I do believe that EVs are more effective at exporting their pollution than they are at reducing it. That would be difficult for an EV owner to accurately evaluate, since out of sight is out of mind. Meanwhile, when I consider the way we tend to increase our dependency upon the grid until it massively fails, as it recently did in NY and adjoining states, I can't see where shifting the substantial energy needs of vehicles in America to be supplied by the electric grid as a good thing. Again, the grid seems to have infinite capacity, but it doesn't, and you don't find that out until you've exceeded that capacity.

The essential problem with electric vehicles is that the least expensive battery technology is also the most efficient battery technology in all areas except for portability. Lead acid batteries are more energy efficient than any other battery type, but they are heavy, and for portable applications that require as much kenetic energy as shoving a car around, lead acid batteries do not work well.

More exotic battery chemistry is expensive, especially at the capacity levels required to drive a car hundreds of miles. Even with exotic batteries, the compromise is between capacity and weight. More of one is more of the other, and more weight requires more capacity to carry, and effects your design options for space, suspension, braking, etc.

Hybrid technology makes more sense. You are taking the strong points of both gas and electric technology and coordinating them in a way that complements the whole vehicle. Take a gas engine just large enough to do what gas engines do well: Cruise for long distances. Do not build it large (and heavy) enough to give the vehicle low end torque or impressive accelleration. Use electricity for that.

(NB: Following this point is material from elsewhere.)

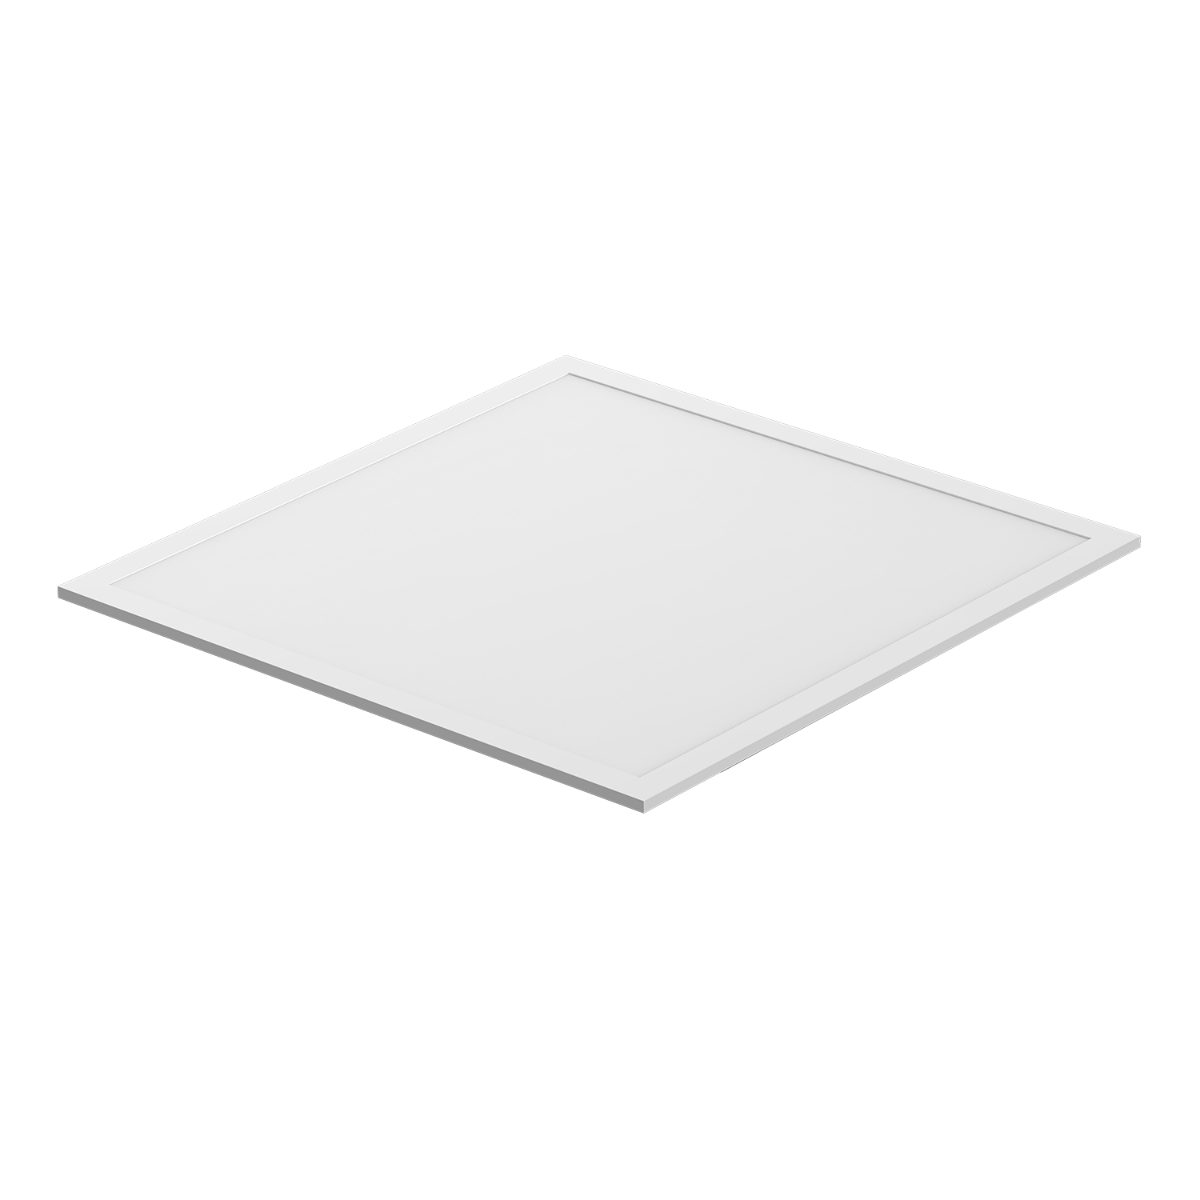 Noxion LED Panel Econox 32W 60x60cm 4000K 4400lm UGR <22 | Replacer for 4x18W

Add an electric drive system that does what electric drive systems do well: Add low end torque so you can run the gas engine at minimum rpm for lowest pollution and highest gas mileage, and give the vehicle the accelleration for getting up to highway speeds, passing Hummers and climbing East Coast mountains. Don't make the batteries large enough for long distance cruising, which would substantially add weight.

It doesn't make any sense to plug in a hybrid because the actual energy held in those batteries is not enough to move the car very far. At peak boost, the battery adds about 10% to the power that the gas engine is providing. It would not be worth the added weight and cost needed to add the circuitry to the car to provide a plug to charge the battery.

That 10% is quite significant for accelleration and the weight reduction and fuel efficiency the hybrid gets compared to a gas engine that would produce that same 110% horsepower, while that oversized engine spends most of its time cruising down the highway. But that 10% could not drive the car. That's the whole point of a hybrid system.

Engineers have been trying to get EVs to work well for decades. They've been working on hybrids for a small chunk of one decade. If EVs were that much better than hybrids, it seems like they'd have better results by now.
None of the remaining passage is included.